(INFORMATION SUPPLIED)

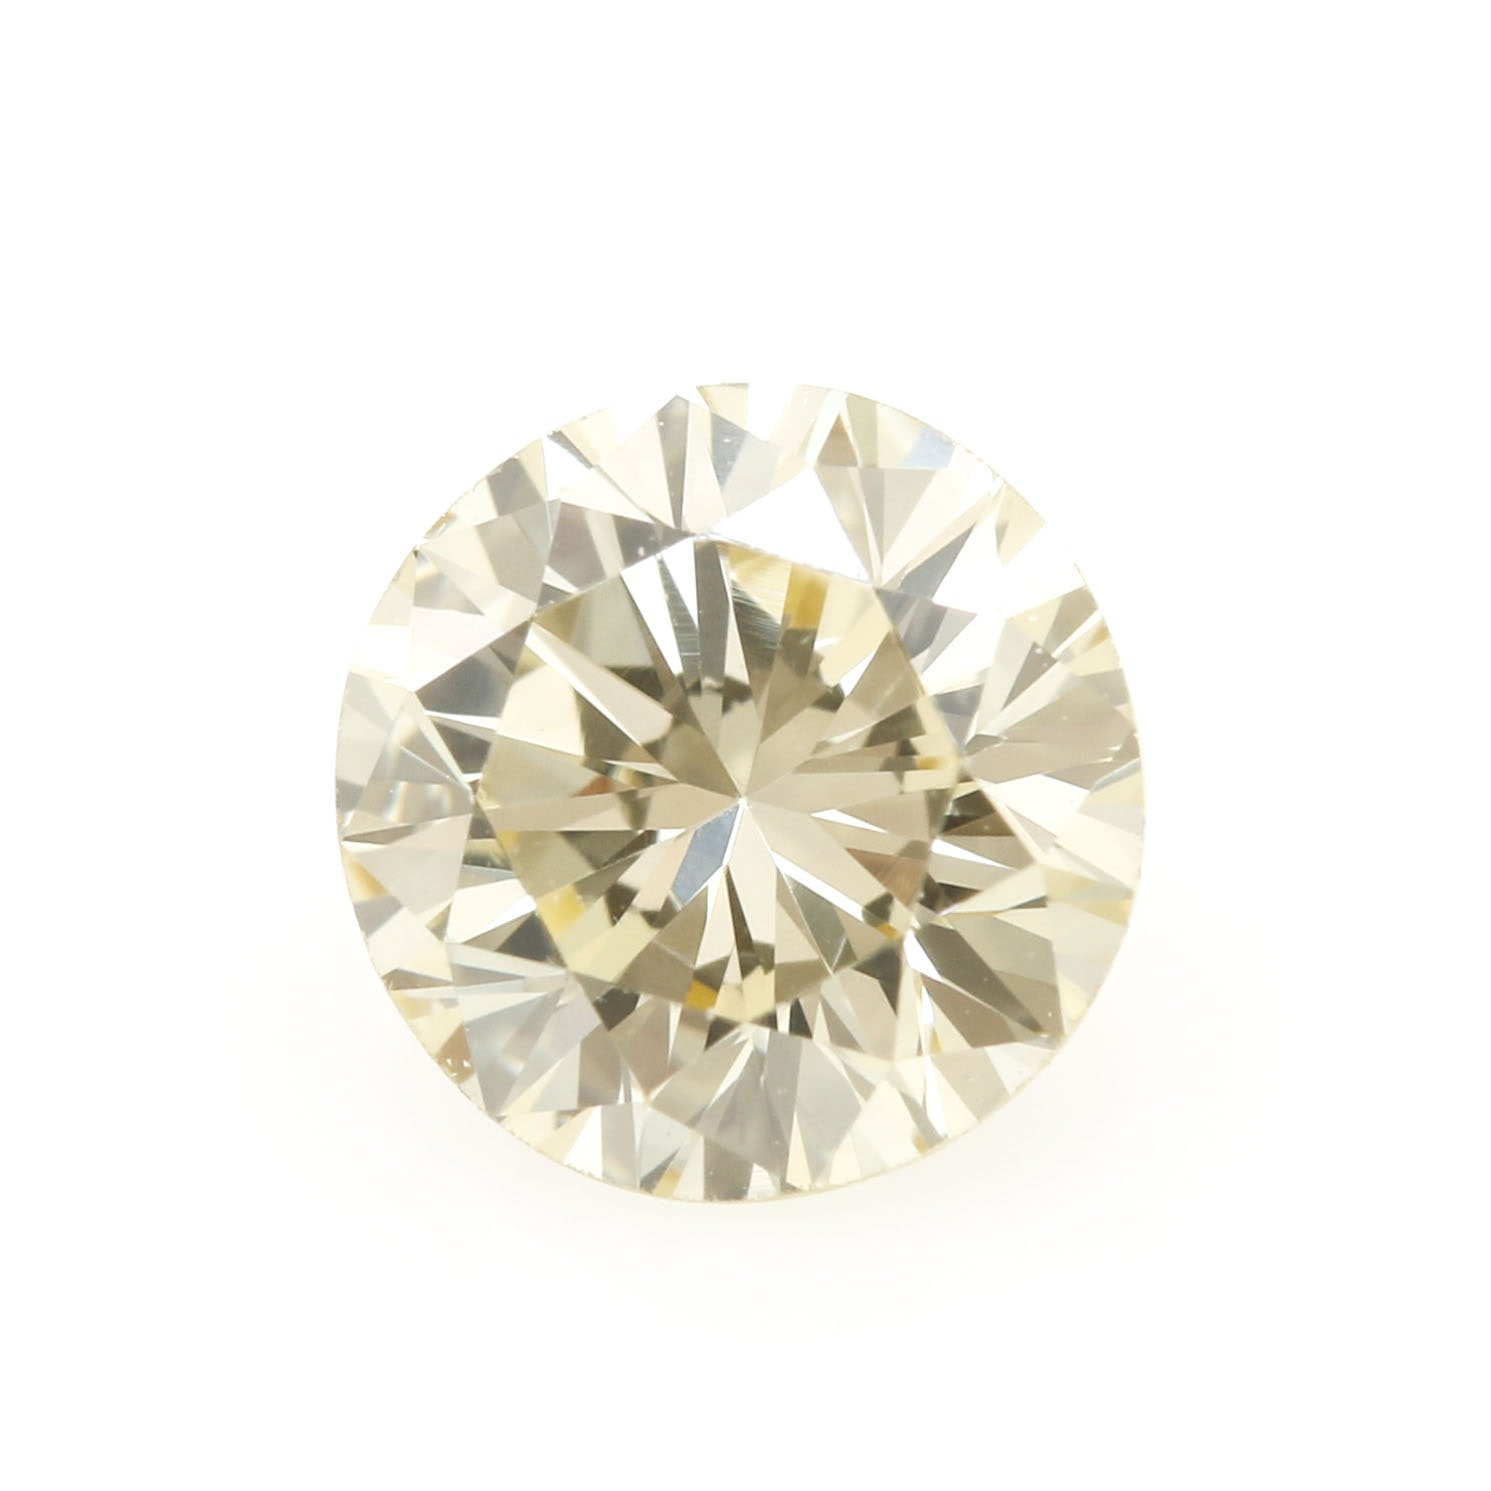 0.46 CT Loose Light Yellow Diamond Stone
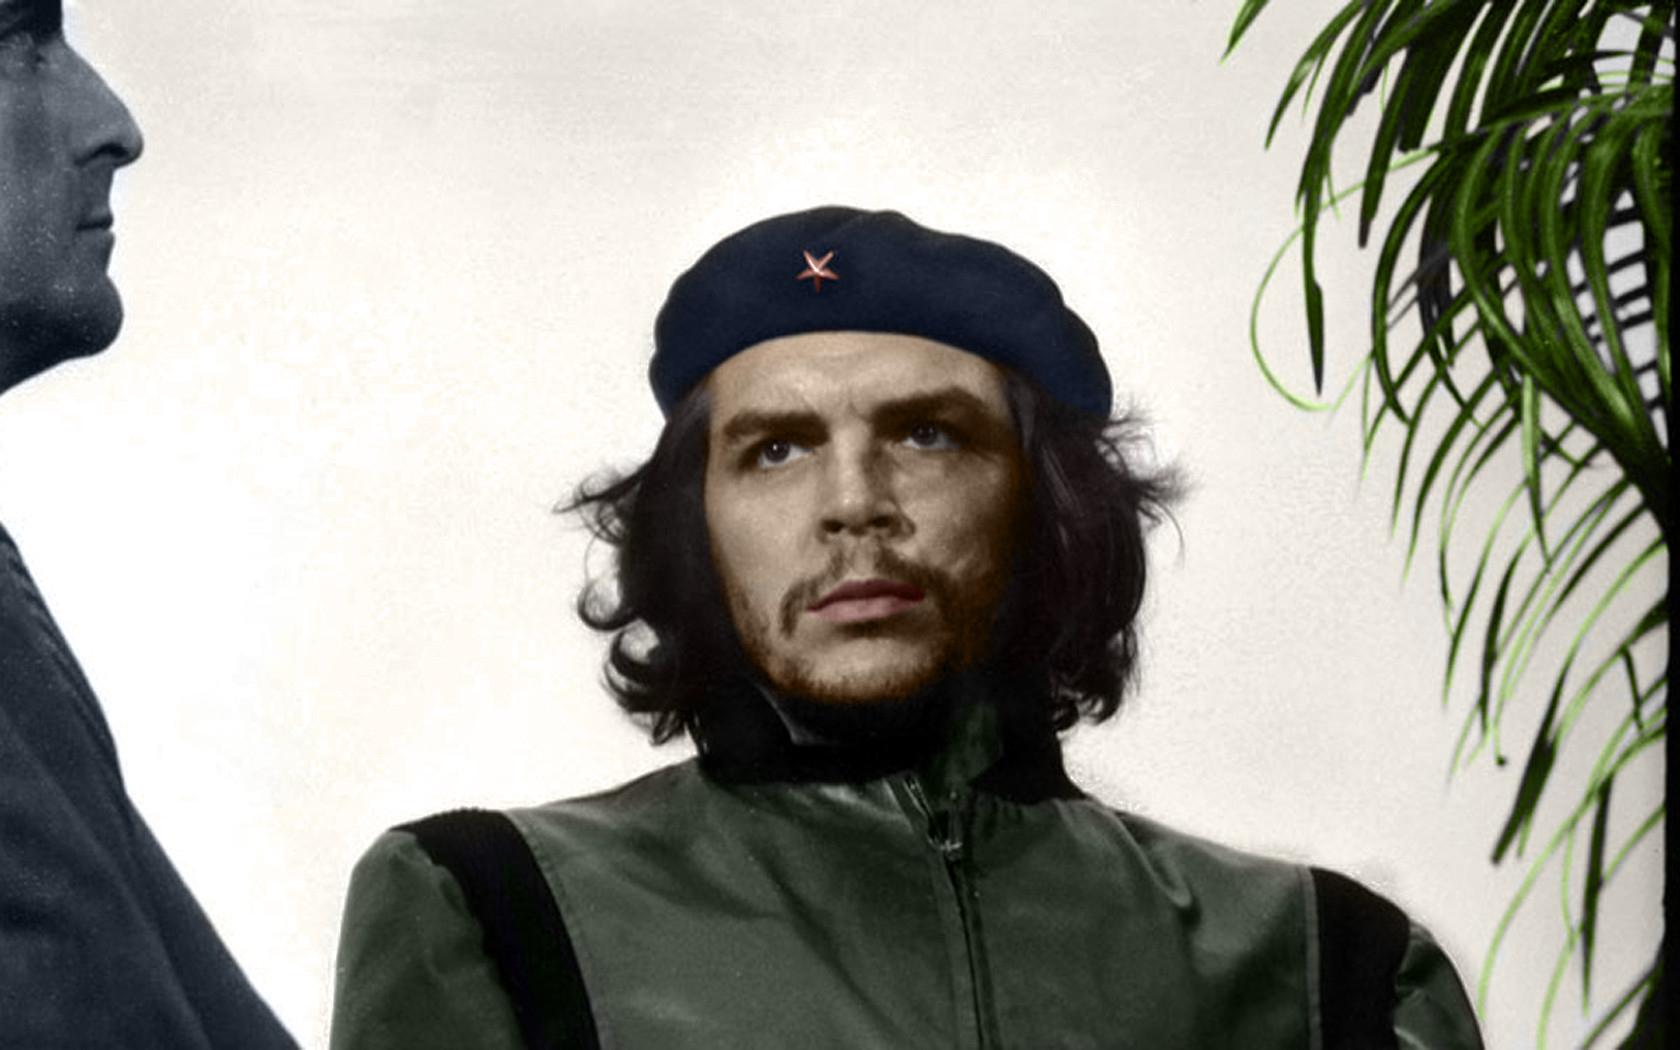 People 1680x1050 Che Guevara colorized photos hat beards men historic
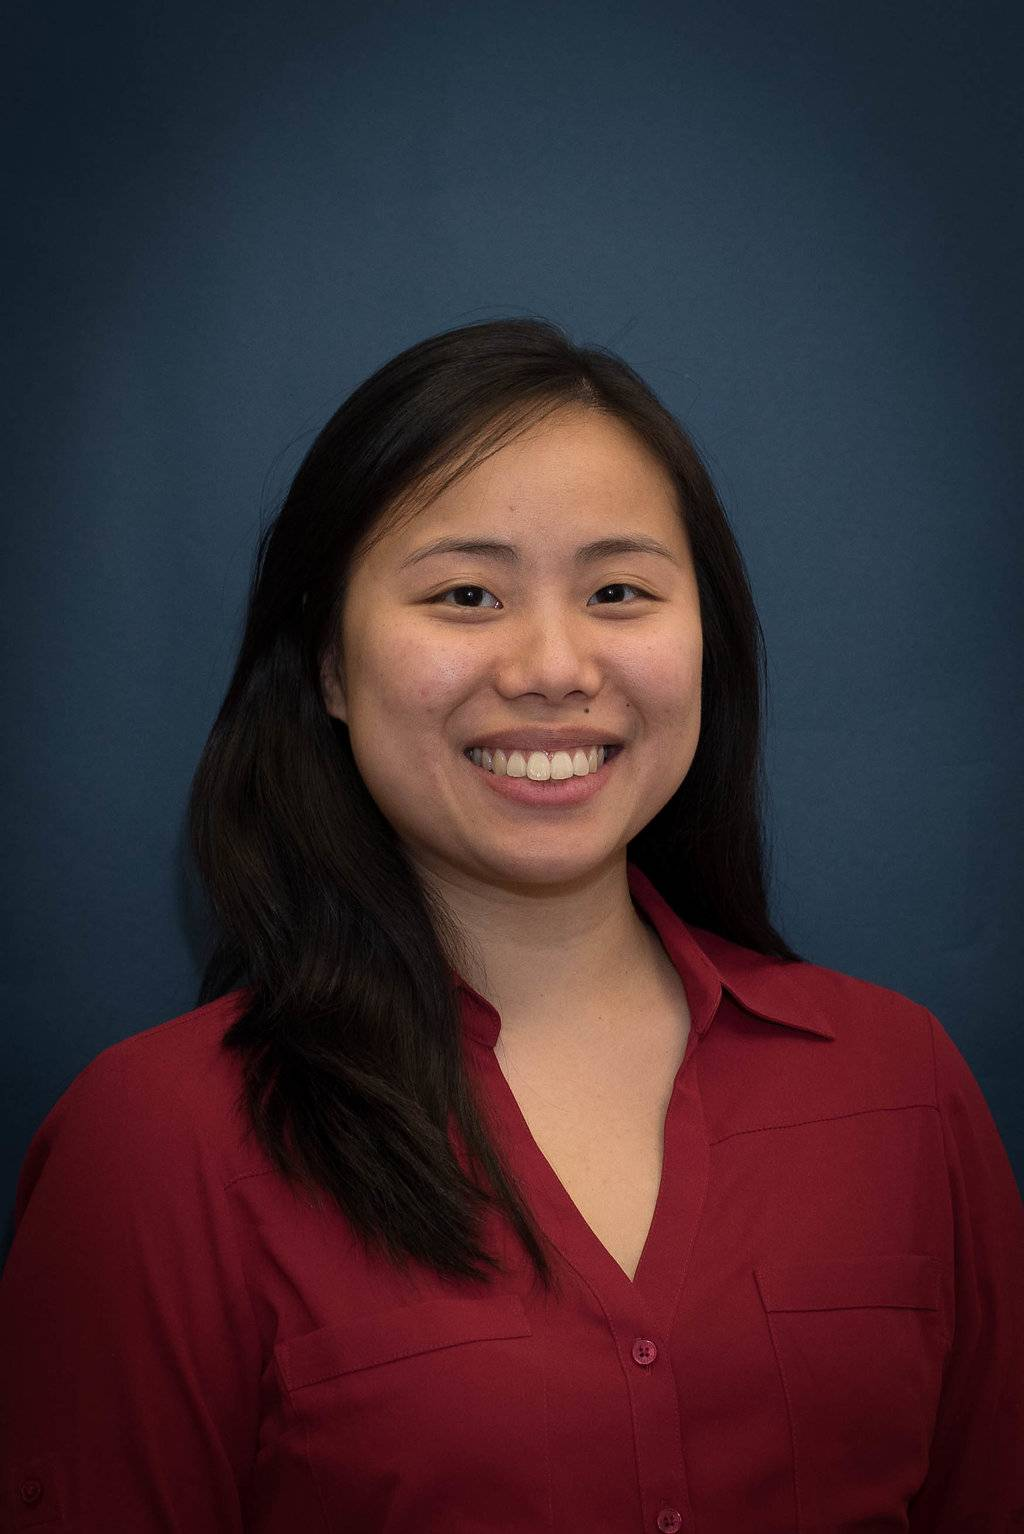 Dr.-Stefanie-Hwang

(End INFORMATION SUPPLIED)

▶ [HOW TO COMPLETE THIS TASK]: Output the data verbatim, images excluded.

▶ [TASK ANSWER]:
 0.46 CT Loose Light Yellow Diamond Stone
 People 1680x1050 Che Guevara colorized photos hat beards men historic
 Dr.-Stefanie-Hwang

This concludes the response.